→ **MATERIAL SHOWN**:
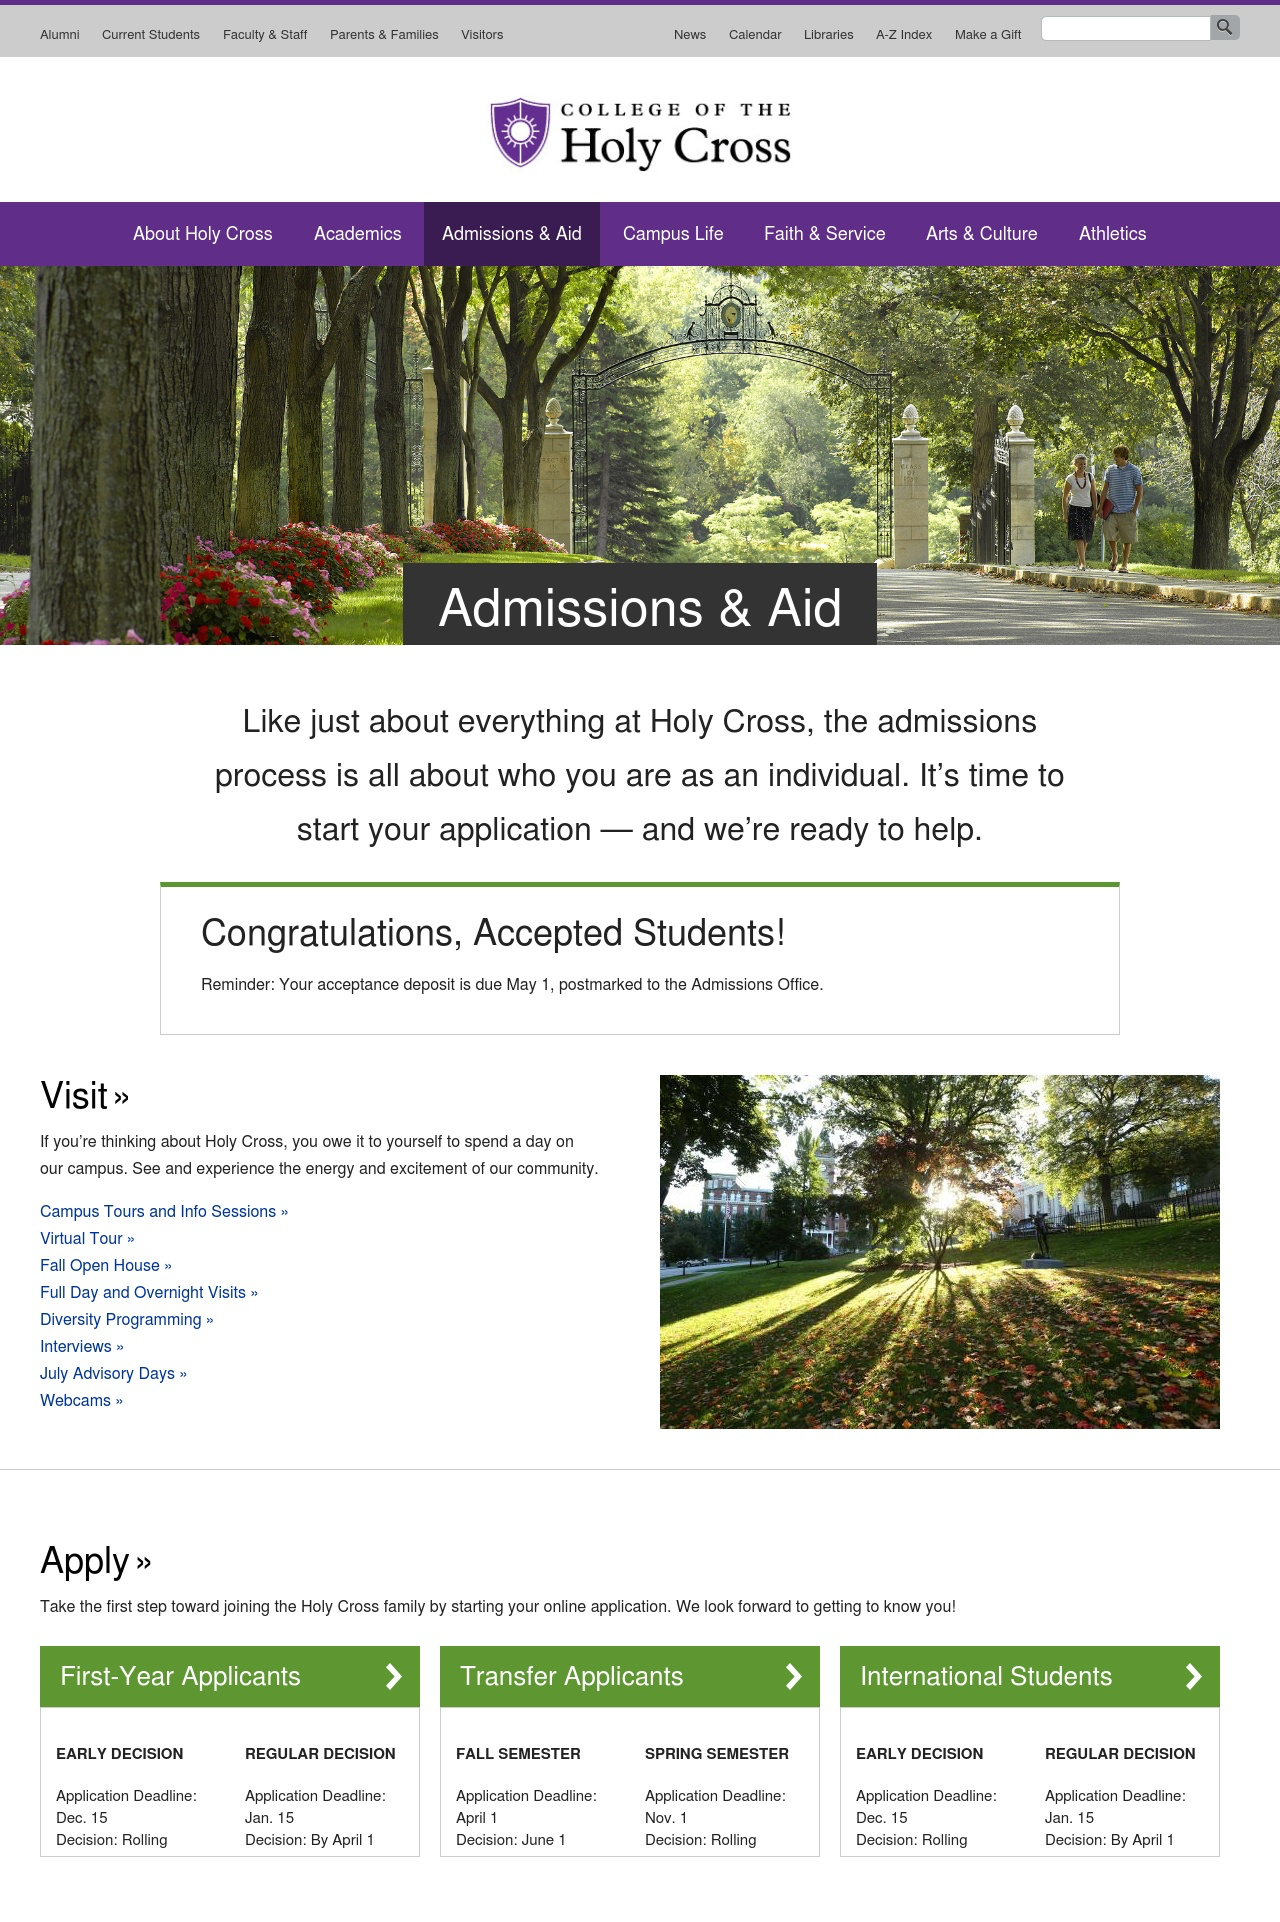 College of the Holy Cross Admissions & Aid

* * *

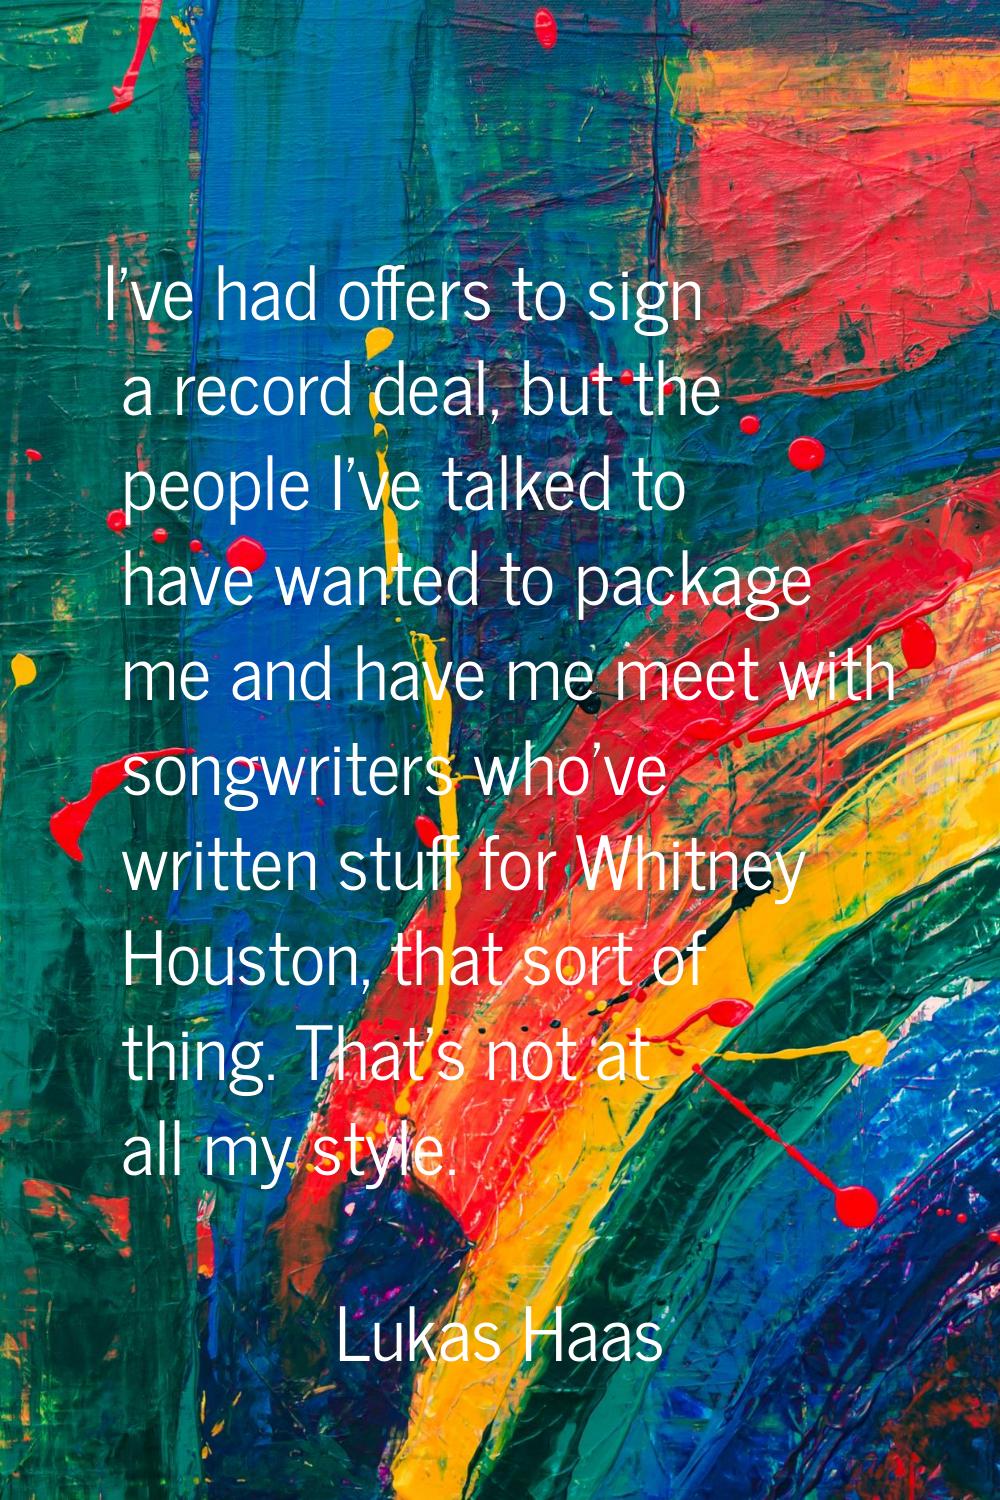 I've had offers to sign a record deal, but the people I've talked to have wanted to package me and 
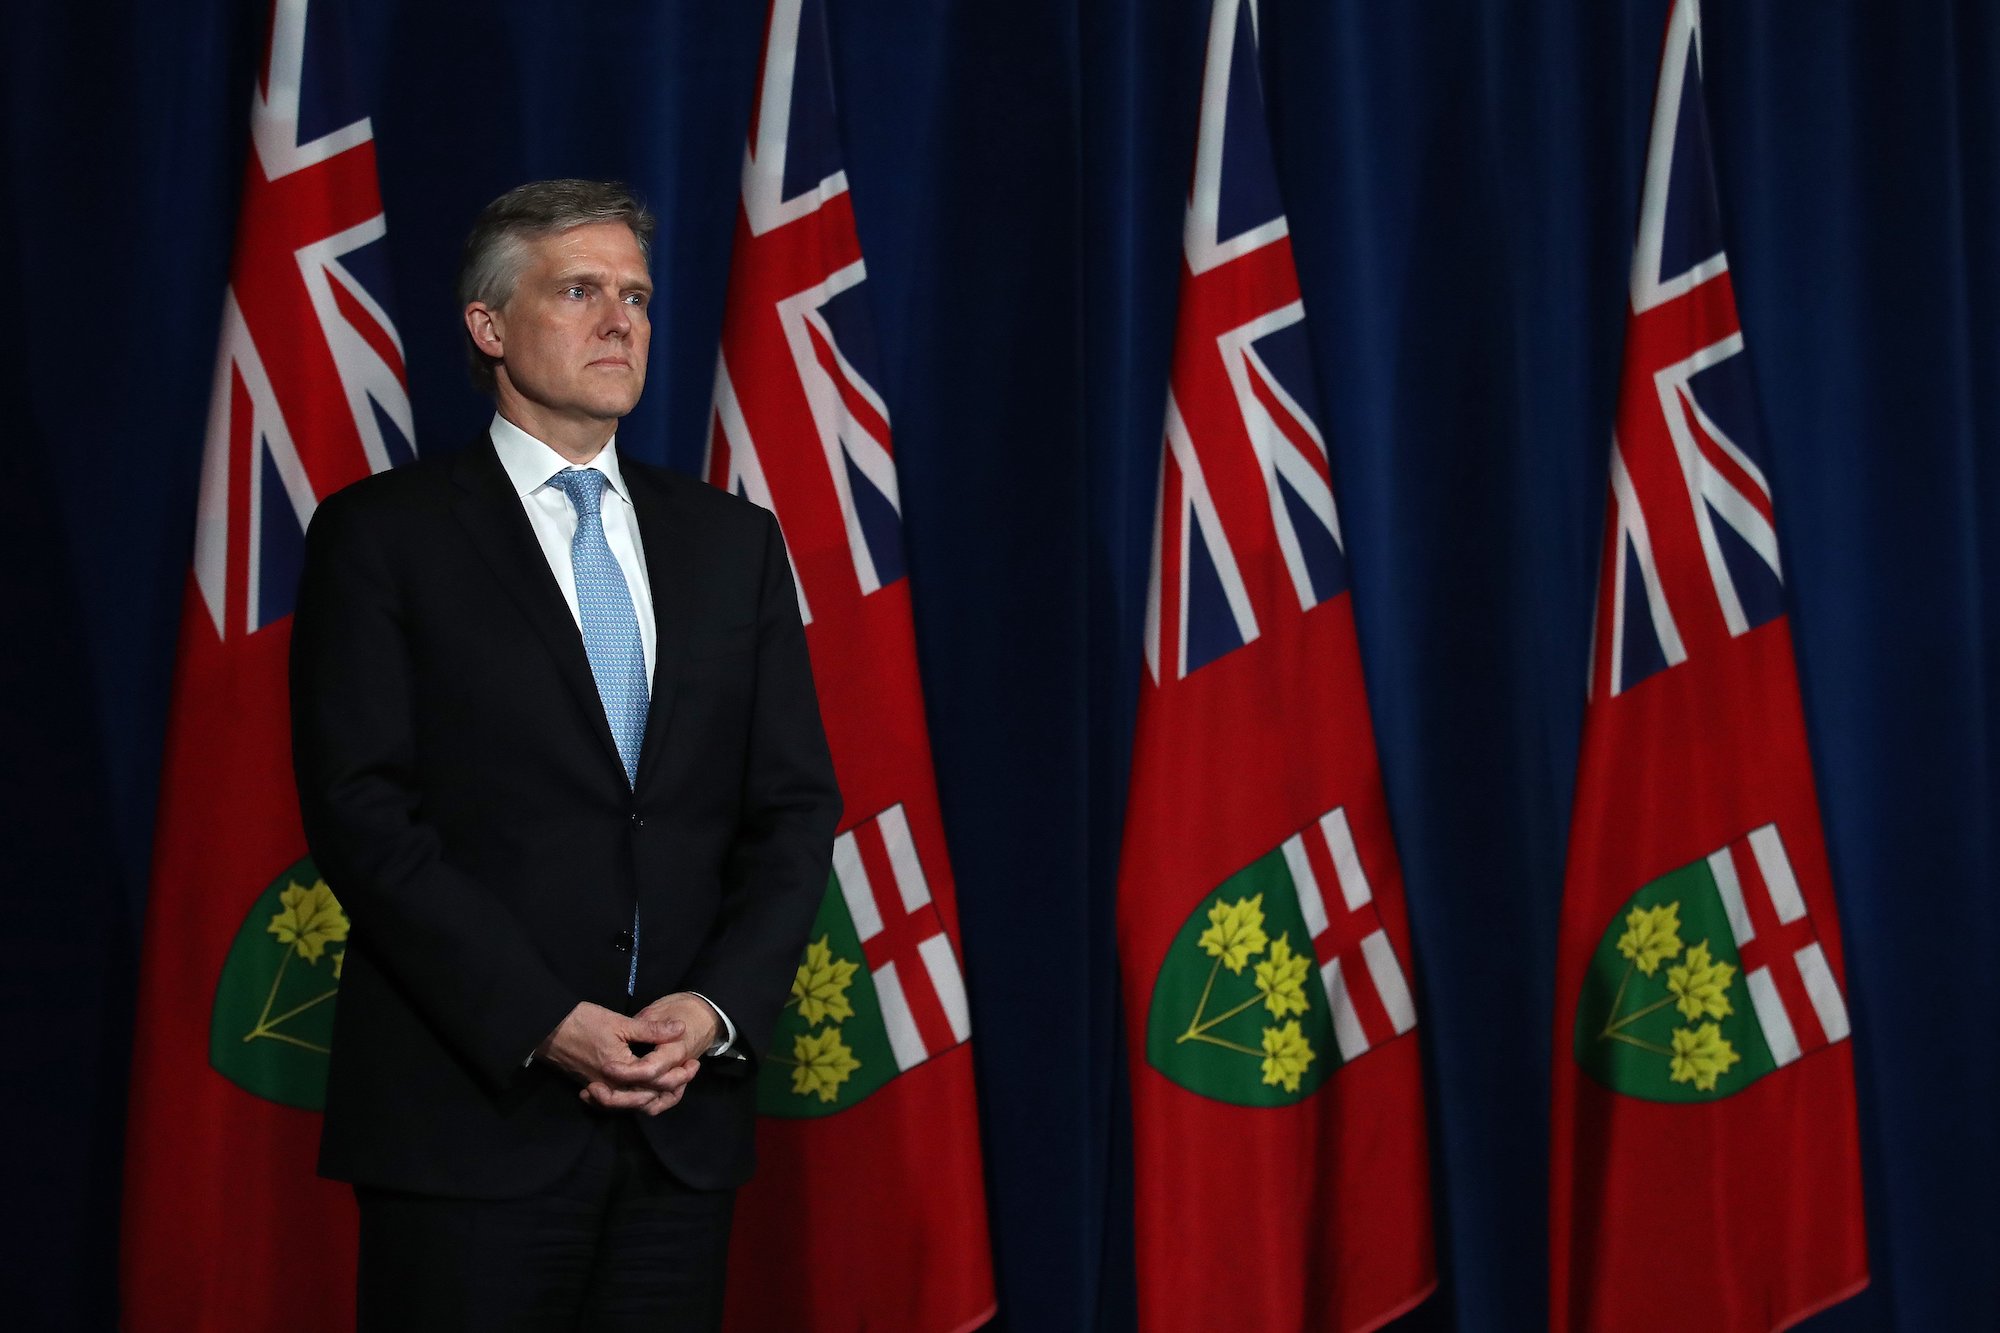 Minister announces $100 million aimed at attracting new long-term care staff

→ **PROBLEM DESCRIPTION**:
Going back to the data above, write out everything from the line with "I've had offers" down to the line with "Minister announces $100", both included, leaving every picture out.

→ **ANSWER BOX**:
 I've had offers to sign a record deal, but the people I've talked to have wanted to package me and 
 Minister announces $100 million aimed at attracting new long-term care staff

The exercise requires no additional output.